## Prompt:
The answer must give back every line of the data exactly, with no pictures.

## Exercise input:
___

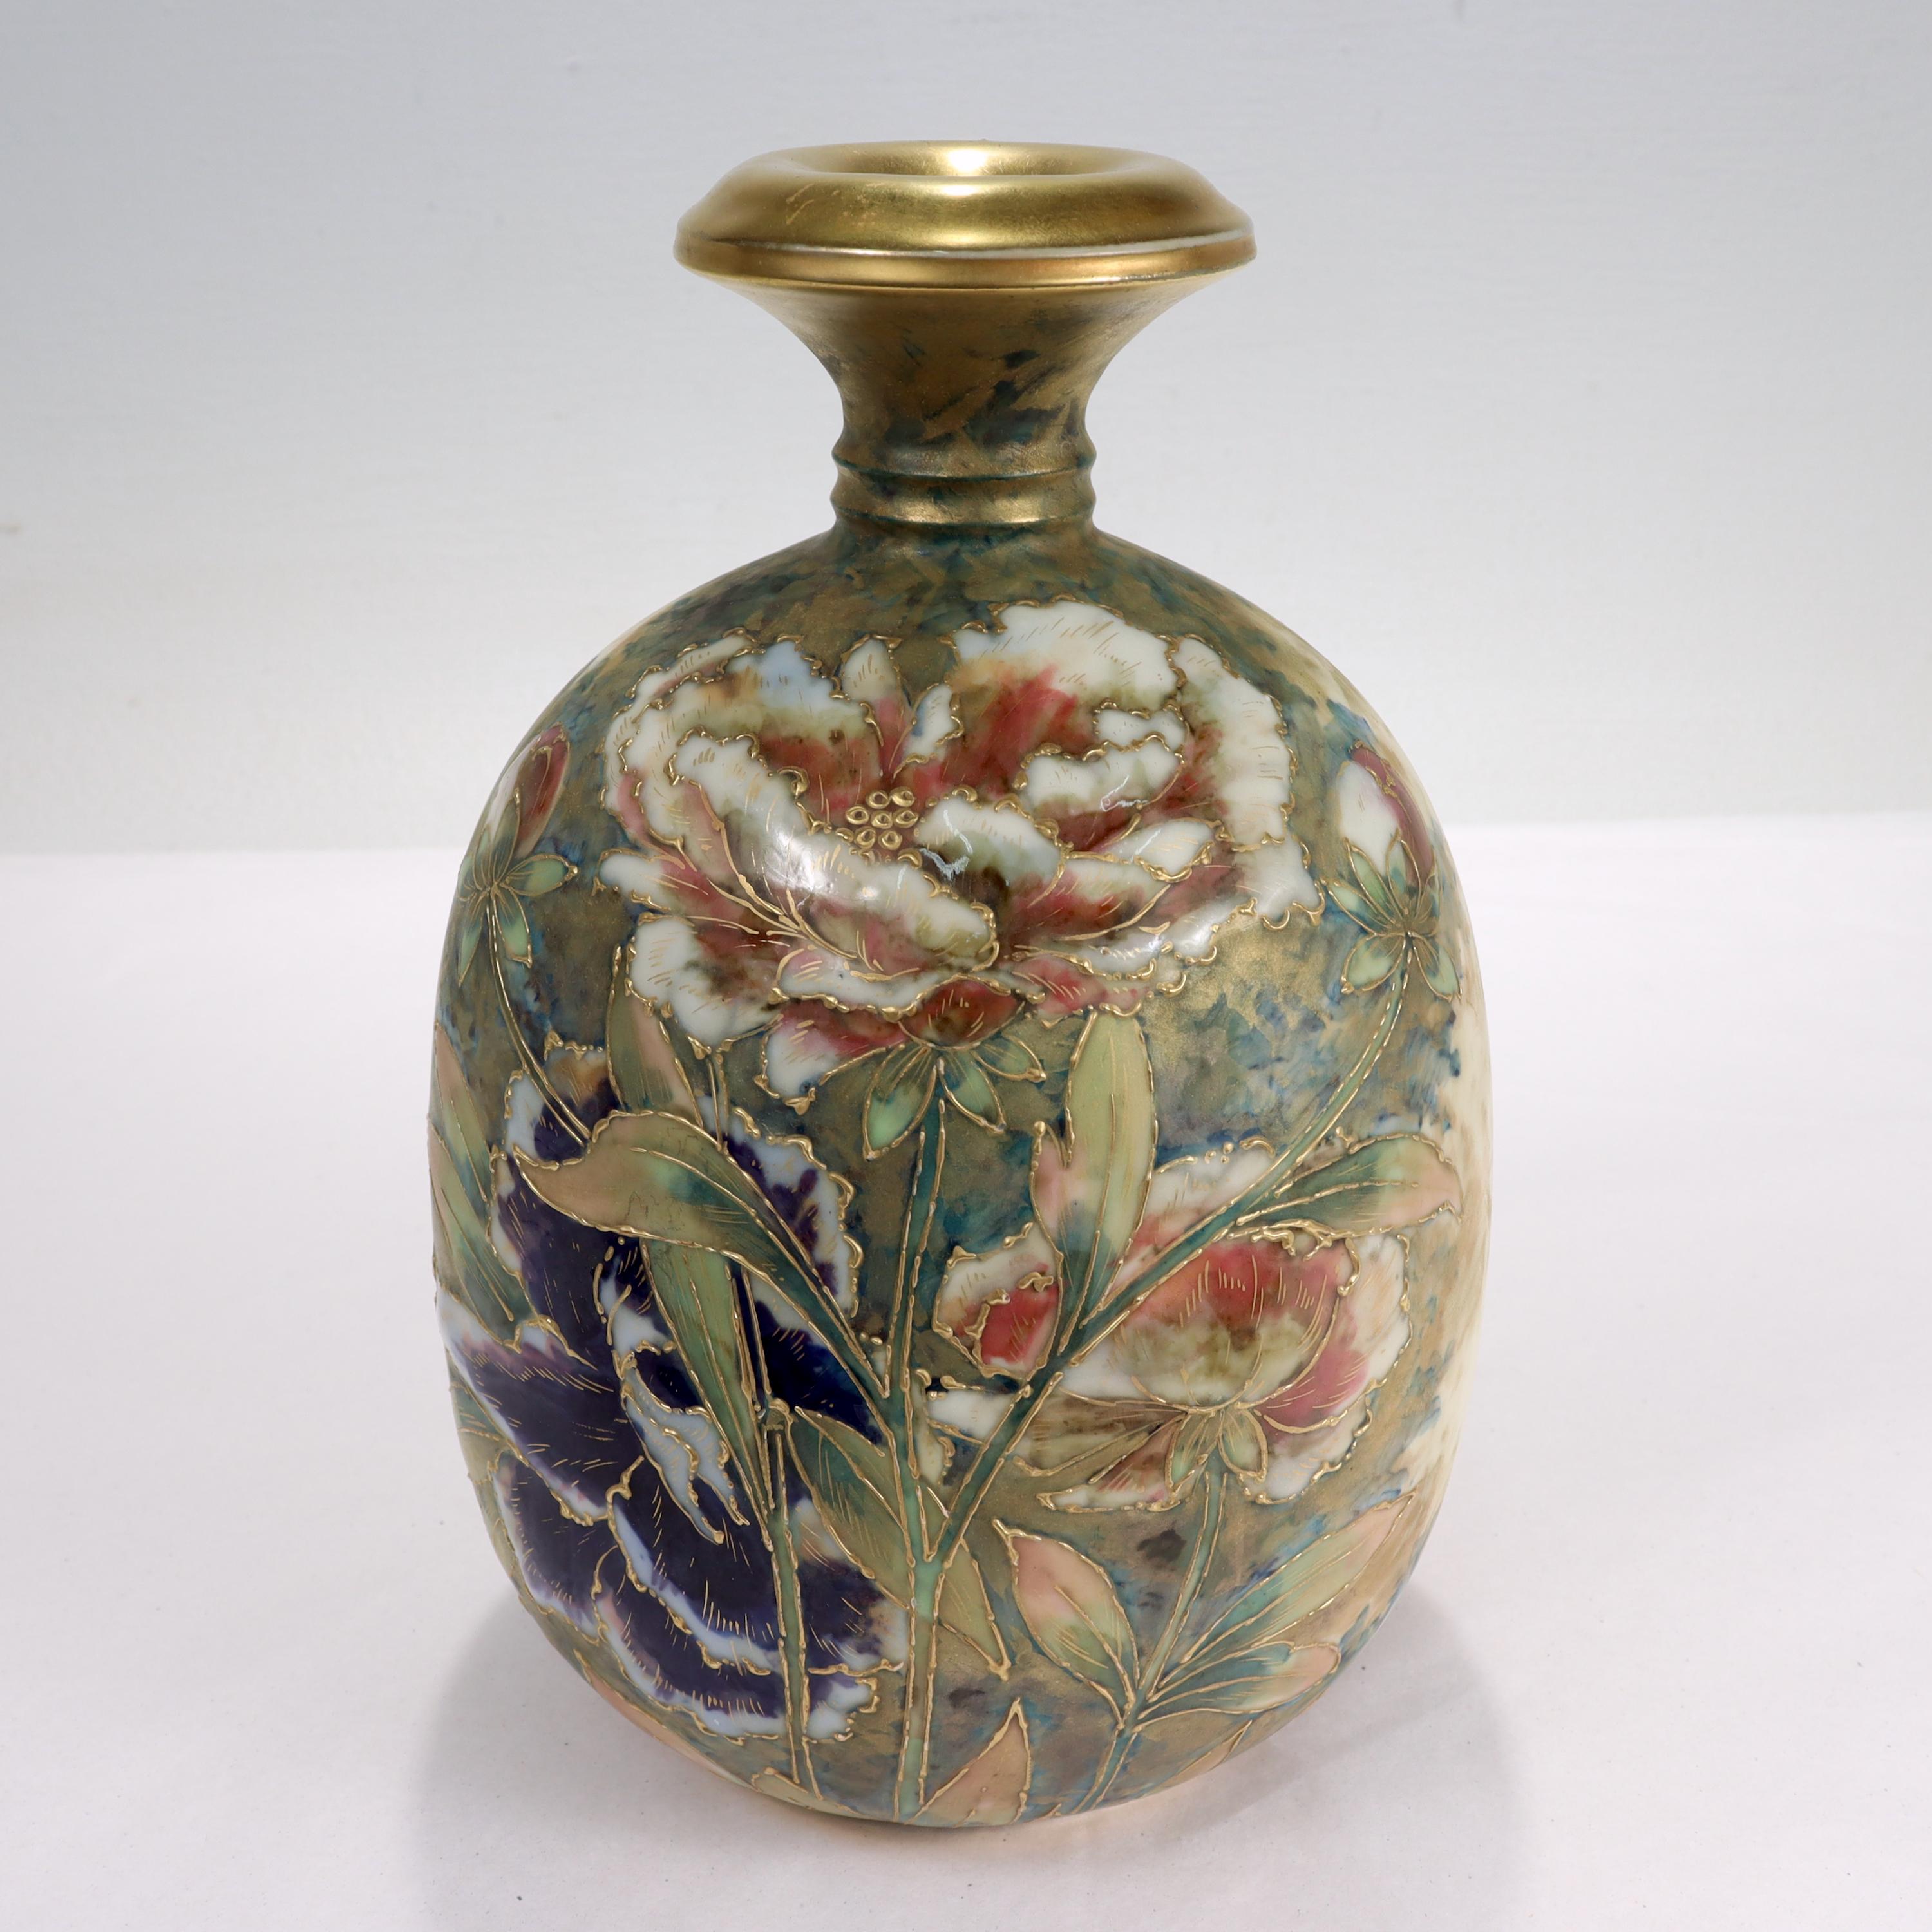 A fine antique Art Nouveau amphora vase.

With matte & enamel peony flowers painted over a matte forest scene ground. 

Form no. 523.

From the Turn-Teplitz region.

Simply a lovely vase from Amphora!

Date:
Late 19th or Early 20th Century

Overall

___

## Finished exercise:
 A fine antique Art Nouveau amphora vase.

With matte & enamel peony flowers painted over a matte forest scene ground. 

Form no. 523.

From the Turn-Teplitz region.

Simply a lovely vase from Amphora!

Date:
Late 19th or Early 20th Century

Overall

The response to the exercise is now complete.